Старшие запевают песню колонистов: про лес, про то, как незаметно летят веселые минуты. Поезд трогается.
— Шапки держать!
Когда едут в колонию, всегда кто-нибудь да потеряет по дороге шапку. Так уж повелось…
Глава вторая
Мальчики отдают деньги и открытки на хранение. — В деревне все переодеваются в белые костюмы.
He высовываться! He толкаться! He сорить!
Первые дни все часто будут слышать это неприятное «не» — пока не узнают, что и почему нельзя. Потом запретов становится все меньше, а свободы все больше. Даже если бы воспитатель и захотел, он не смог бы так мешать мальчикам, как мешают в богатых семьях мать, отец, бабушка, тетя или гувернантка, — ему просто не хватило бы времени на все замечания, советы и увещевания. Поэтому детям в колонии веселее, чем их богатым сверстникам на роскошных курортах, где каждому ребенку не дают веселиться столько взрослых.
Вот по соседним рельсам с грохотом пронесся поезд. Все испугались, отскочили от окон, а потом так и покатились со смеху.
Кто-то уронил на пол бутерброд — снова радость!
— Ой, какая маленькая лошадка! — И все бросаются к окнам, чтобы взглянуть на диковинку.

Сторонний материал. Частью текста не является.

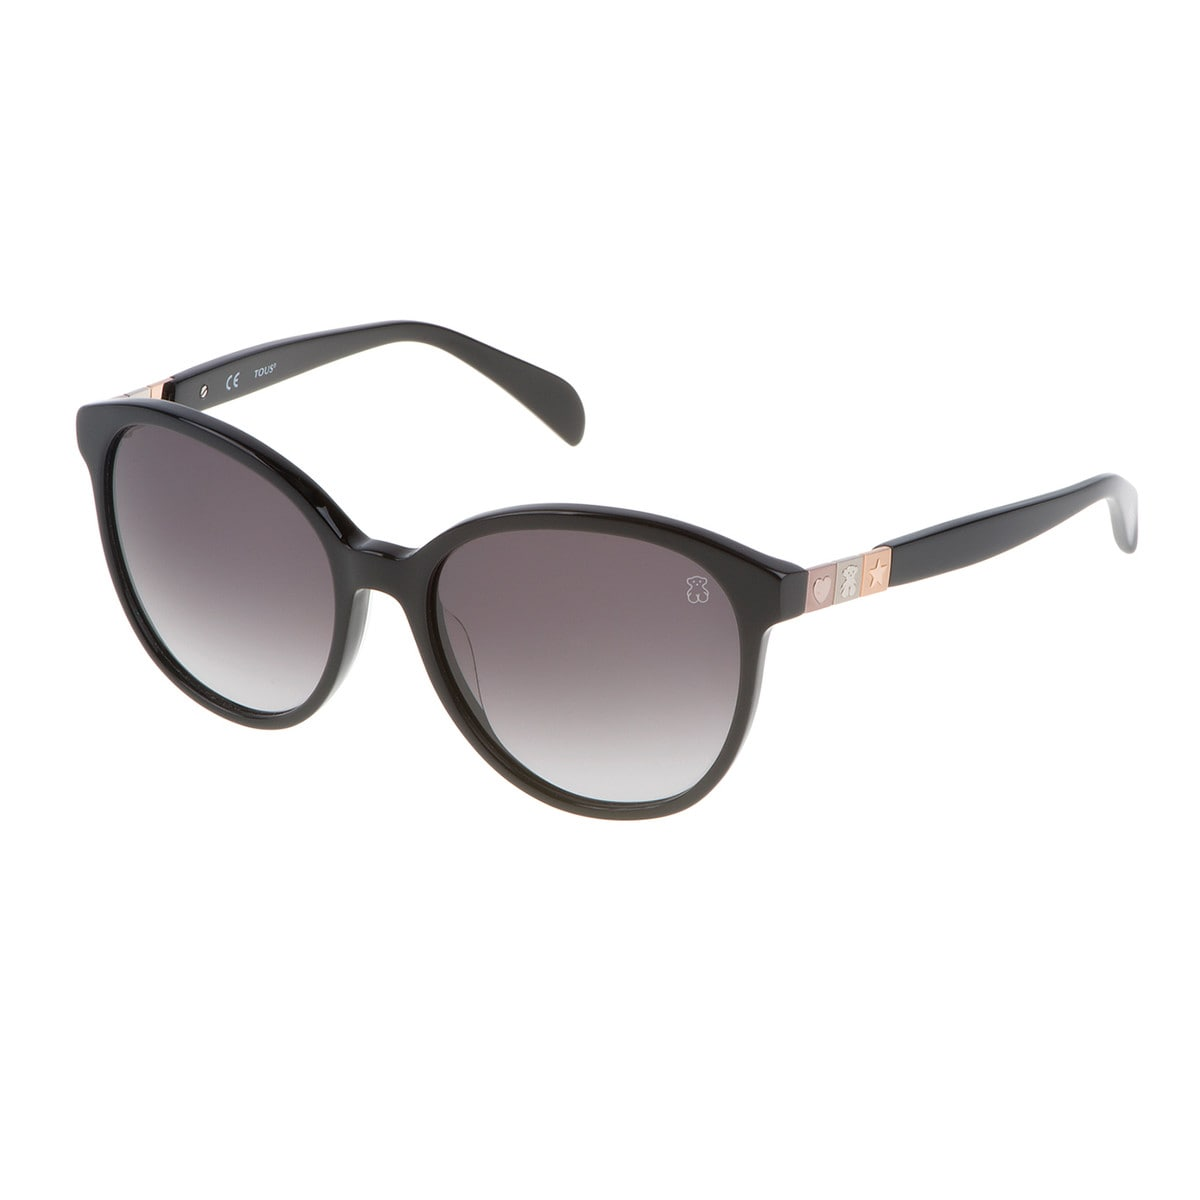 f2fcbe81da Tille Cat Eye Sunglasses - Tous Site Puerto Rico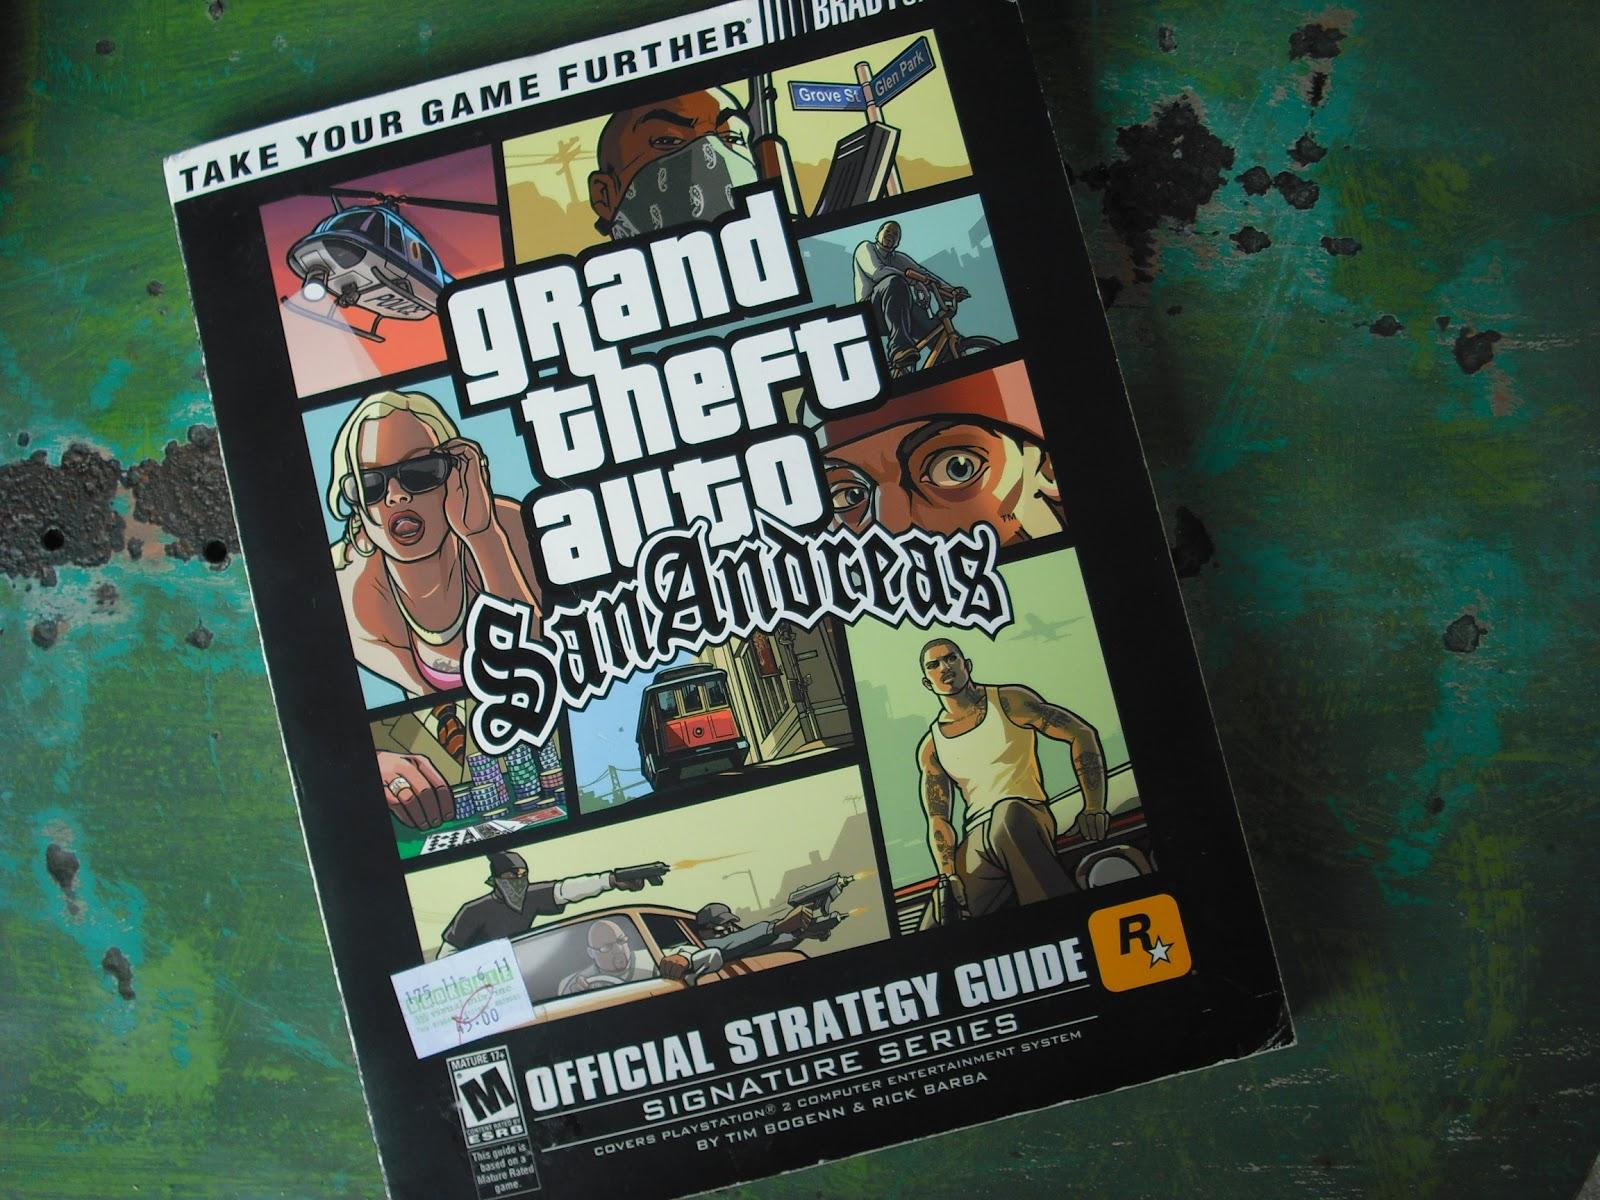 GTA+San+Andreas+Strategy+Guide+by+Brady+

А это обыкновенная большая лошадь, только она стоит вдалеке, на лугу, поэтому кажется маленькой. Мальчики понимают свою ошибку, когда видят далеко-далеко в поле маленьких человечков и маленькие домики.
Остановка. Все поют и машут платками.
Звенит смех, волшебный смех, который излечивает вернее самых дорогих лекарств и воспитывает лучше самого умного педагога.
— Сдавайте почтовые открытки и деньги! Первый по списку Гуркевич. Сколько у тебя открыток?
Гуркевич отдает на хранение десять грошей и четыре открытки. На этих открытках он будет раз в неделю писать родителям, что он здоров и хорошо проводит время.
У братьев Круков вместе двадцать грошей. Каждый получил на дорогу по четыре гроша от родителей и по шесть от дедушки.
— Скажите, пожалуйста, господин воспитатель, ведь правда, картошка растет в земле?
— Конечно. А что?
— Да вот он показал мне в окно какие-то листья и говорит, что это картошка. А ведь картошка растет в земле — значит, ее не видно.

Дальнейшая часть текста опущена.